🤖 AI Summary
This study systematically investigates the effectiveness and applicability boundaries of test-time scaling (TTS) in vision-language models (VLMs), particularly addressing performance disparities between open- and closed-source VLMs on multi-step reasoning versus perception-dominant tasks.
Method: We propose a TTS framework integrating structured reasoning, self-reflection, and external verification, and conduct cross-model, cross-benchmark empirical analysis.

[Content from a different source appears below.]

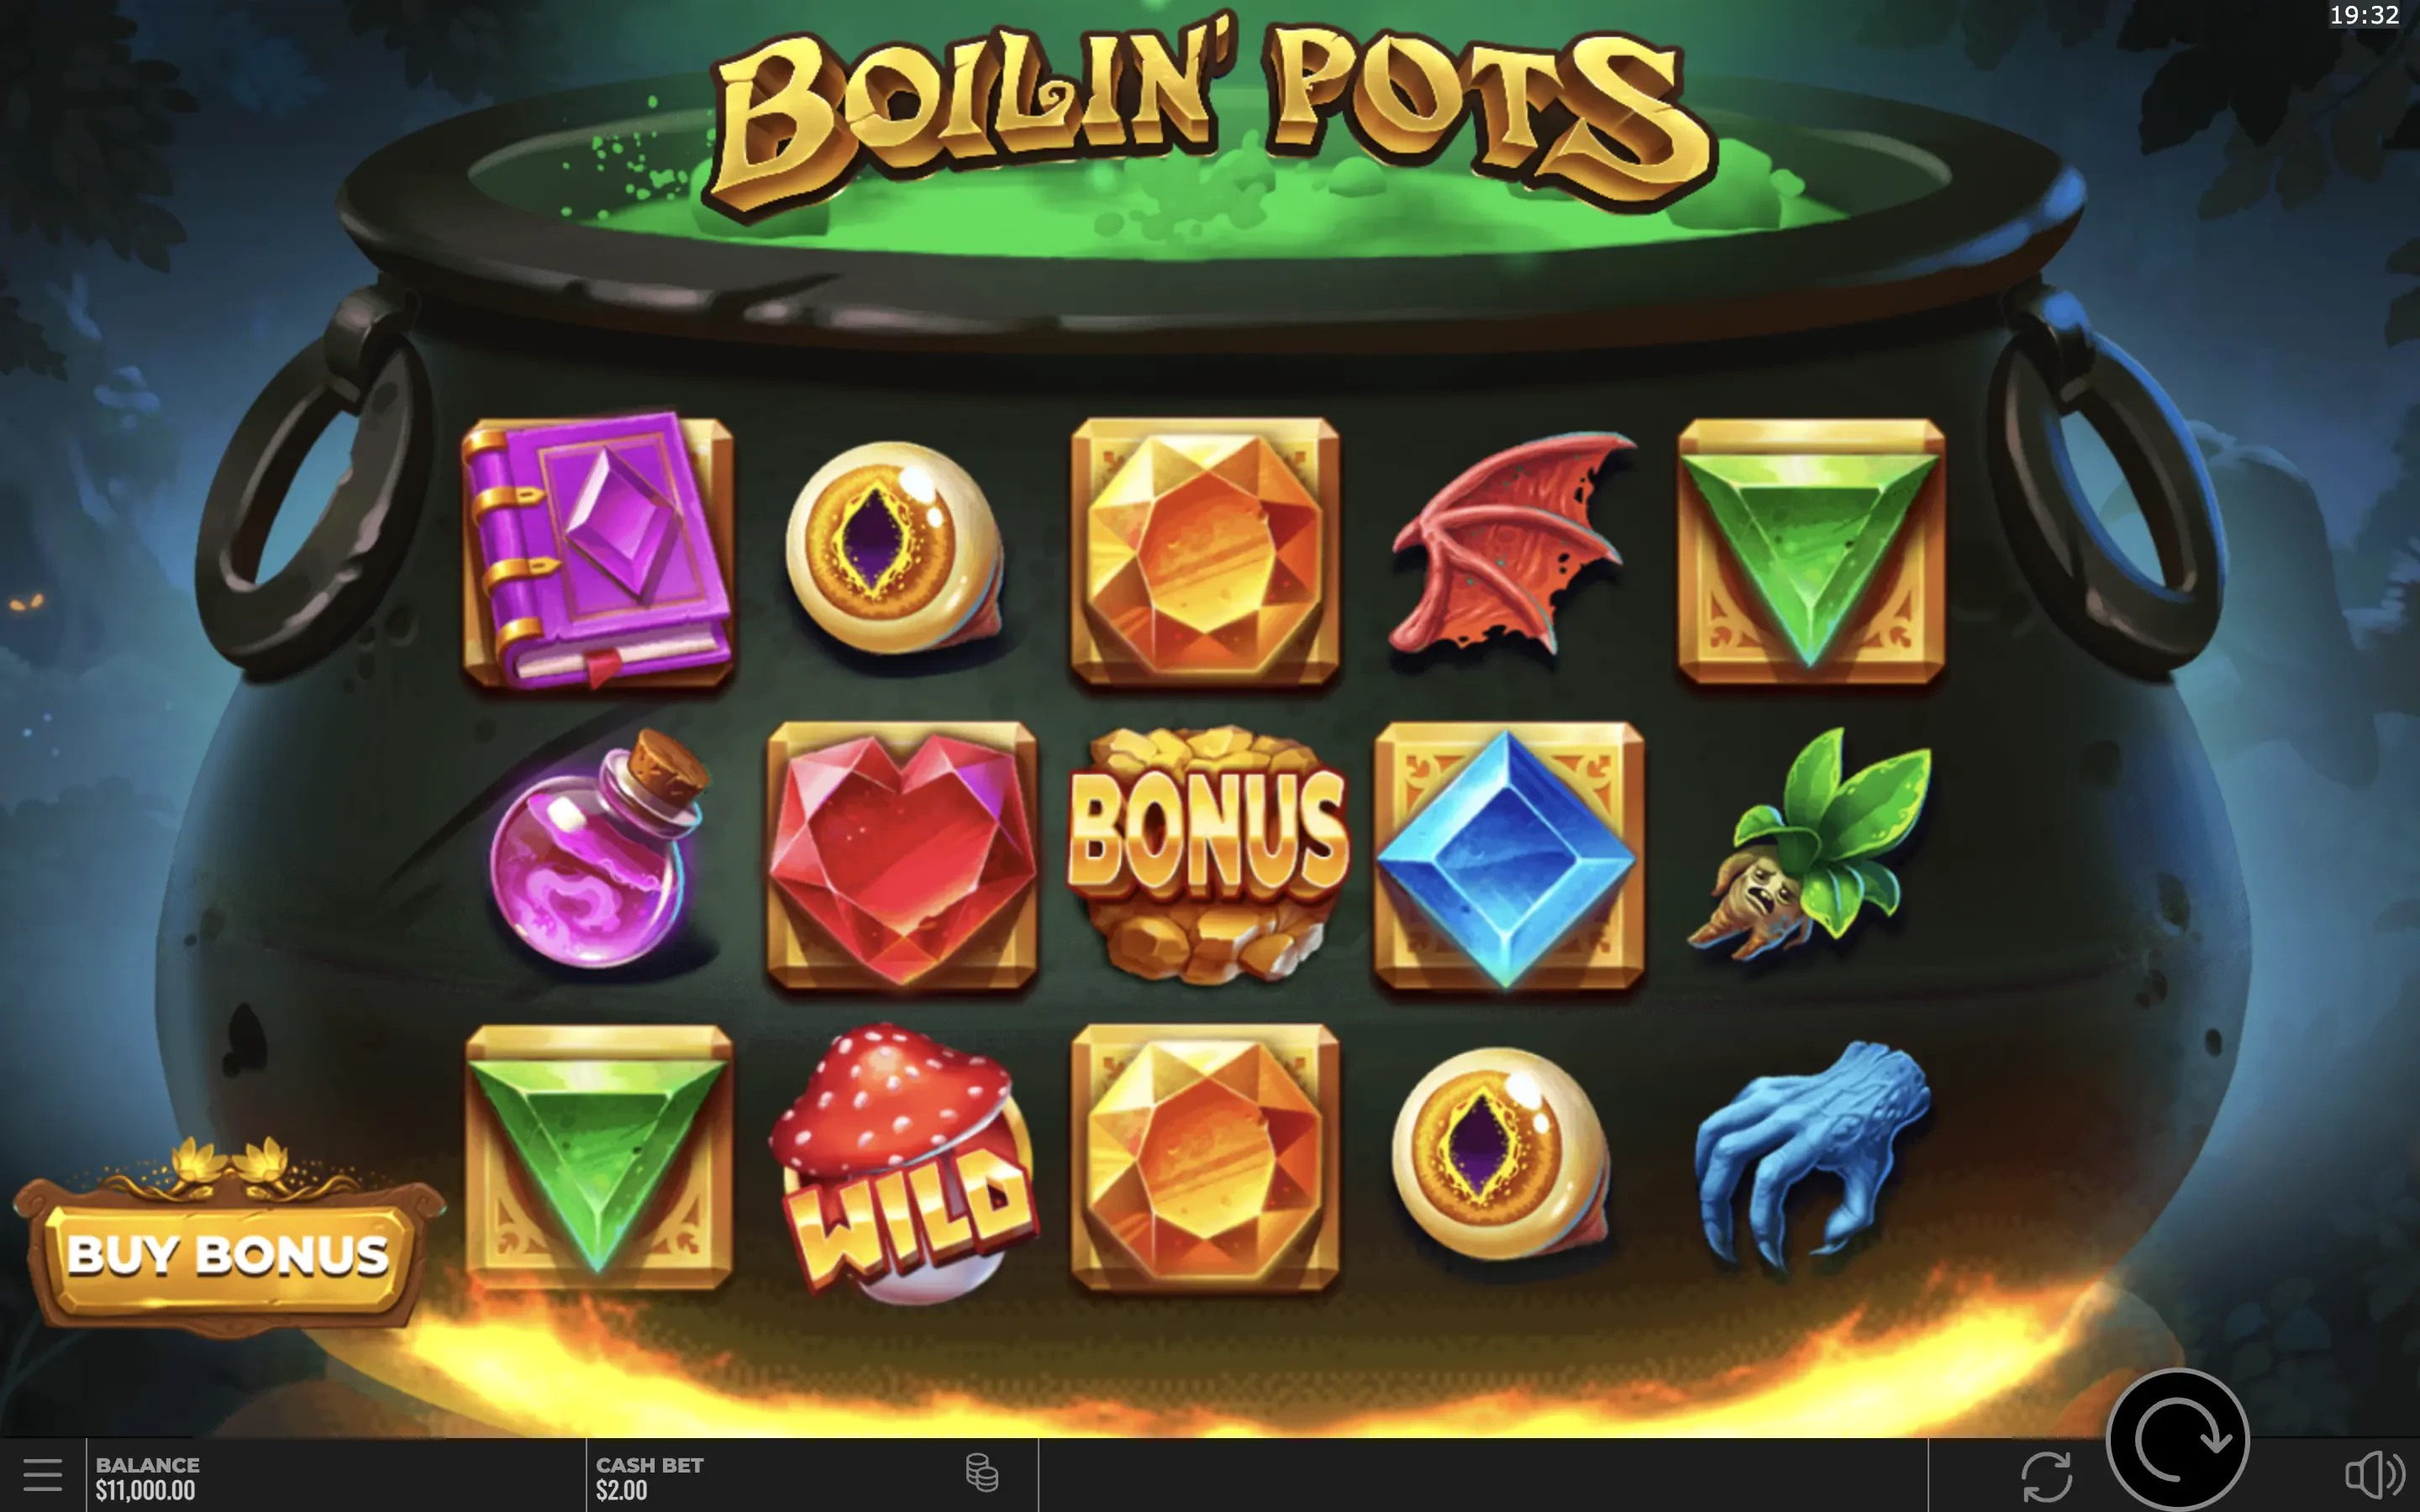 The Boilin' Pots slot machine by Yggdrasil

Contribution/Results: We make the first observation that open-source VLMs often suffer from performance degradation during iterative self-optimization, whereas external verification proves more robust; in contrast, closed-source models benefit more from structured reasoning. Based on these findings, we introduce a “task–model co-adaptation” TTS paradigm to enable adaptive TTS design and multimodal reward modeling. Experiments demonstrate significant performance gains on multi-step reasoning benchmarks, while improvements on perception-oriented benchmarks remain limited.
📝 Abstract
Test-time scaling (TTS) has emerged as a powerful paradigm for improving the reasoning ability of Large Language Models (LLMs) by allocating additional computation at inference, yet its application to multimodal systems such as Vision-Language Models (VLMs) remains underexplored. In this work, we present a systematic empirical study of inference time reasoning methods applied across both open-source and closed-source VLMs on different benchmarks. Our results reveal that while closed-source models consistently benefit from structured reasoning and iterative Self-Refinement, open-source VLMs show inconsistent behavior: external verification provides the most reliable gains, whereas iterative refinement often degrades performance. We further find that the effectiveness of TTS is dataset-dependent, yielding clear improvements on multi-step reasoning tasks but offering only limited gains on perception-focused benchmarks. These findings demonstrate that TTS is not a universal solution and must be tailored to both model capabilities and task characteristics, motivating future work on adaptive TTS strategies and multimodal reward models.